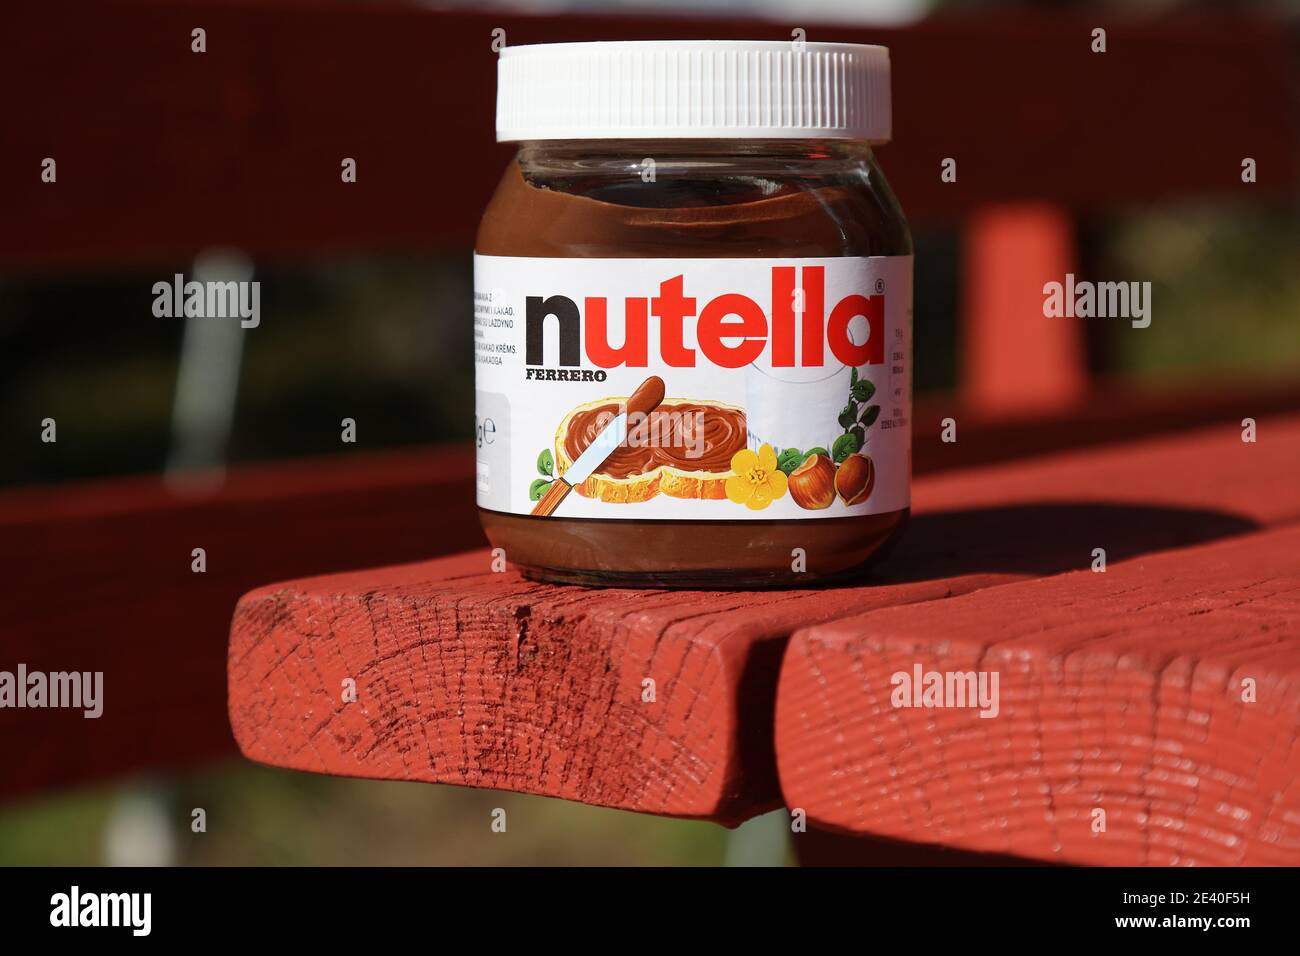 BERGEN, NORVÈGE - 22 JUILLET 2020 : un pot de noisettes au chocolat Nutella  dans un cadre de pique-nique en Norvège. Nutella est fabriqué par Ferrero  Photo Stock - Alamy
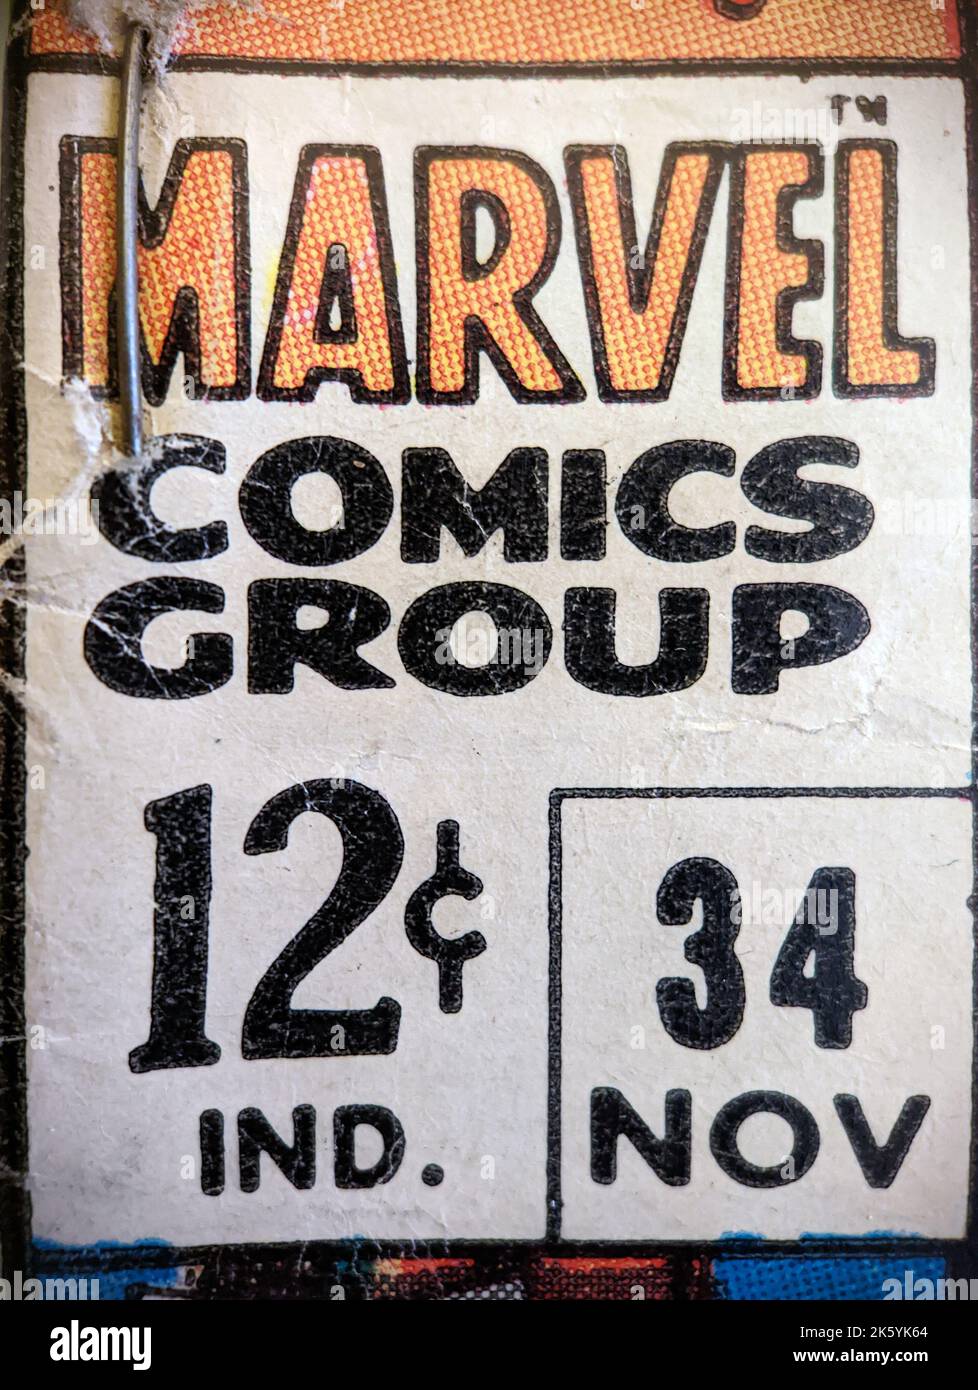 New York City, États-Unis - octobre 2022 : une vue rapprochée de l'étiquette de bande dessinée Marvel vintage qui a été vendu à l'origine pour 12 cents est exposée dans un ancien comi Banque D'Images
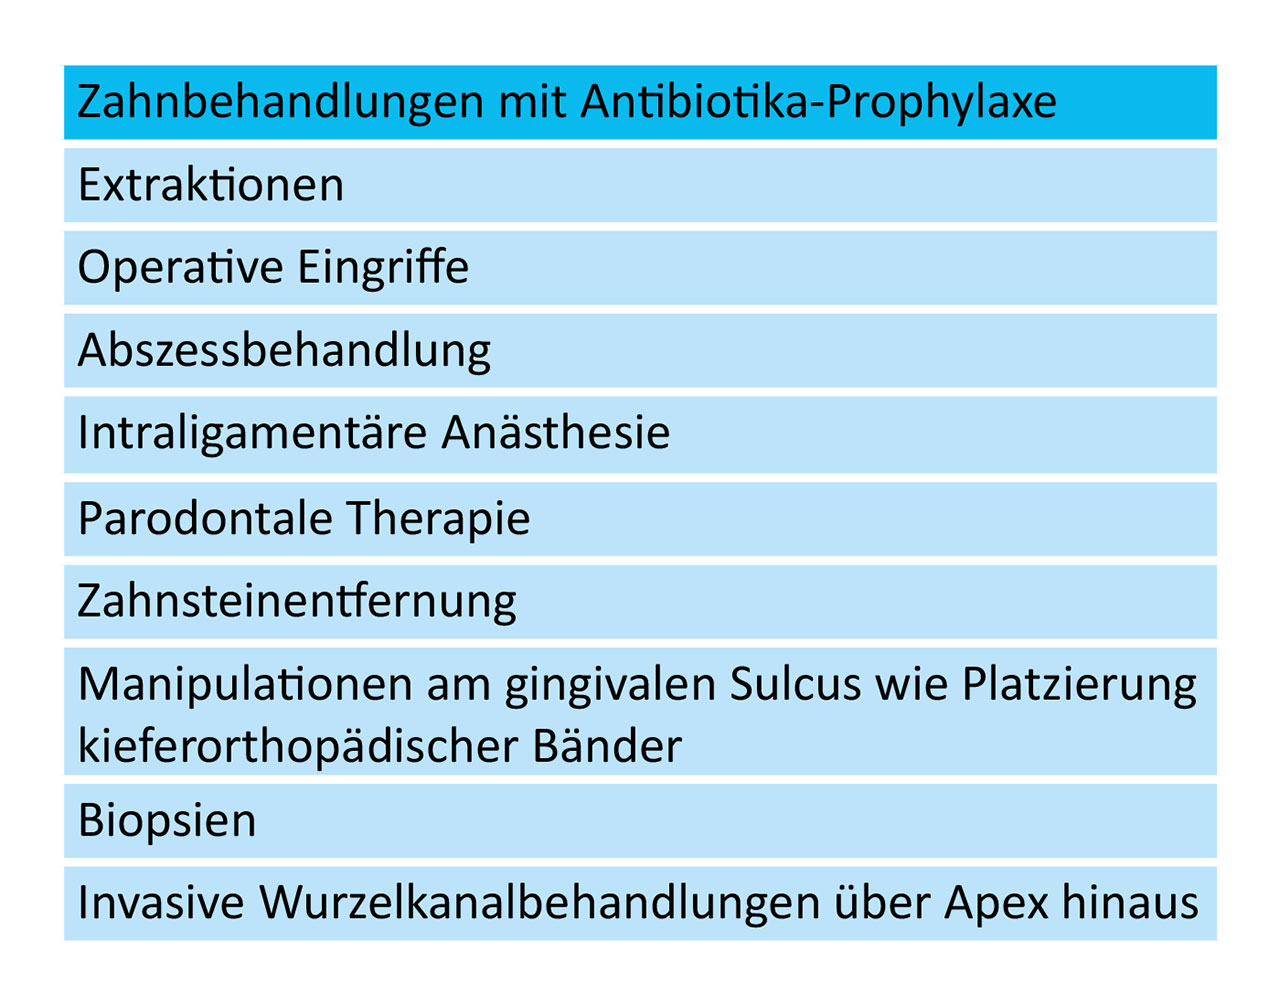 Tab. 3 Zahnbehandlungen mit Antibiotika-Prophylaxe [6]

┄┄┄┄┄┄┄┄┄┄┄┄┄┄┄┄┄┄┄┄

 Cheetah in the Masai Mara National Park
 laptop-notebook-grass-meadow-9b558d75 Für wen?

┄┄┄┄┄┄┄┄┄┄┄┄┄┄┄┄┄┄┄┄

What is required = Output exactly, and only, the lines of the entries above from the one with "BERGEN, NORVÈGE - 22" up to and including the one with "Tab. 3 Zahnbehandlungen"; pictures are to be left out.

Answer =
 BERGEN, NORVÈGE - 22 JUILLET 2020 : un pot de noisettes au chocolat Nutella  dans un cadre de pique-nique en Norvège. Nutella est fabriqué par Ferrero  Photo Stock - Alamy
 New York City, États-Unis - octobre 2022 : une vue rapprochée de l'étiquette de bande dessinée Marvel vintage qui a été vendu à l'origine pour 12 cents est exposée dans un ancien comi Banque D'Images
 Tab. 3 Zahnbehandlungen mit Antibiotika-Prophylaxe [6]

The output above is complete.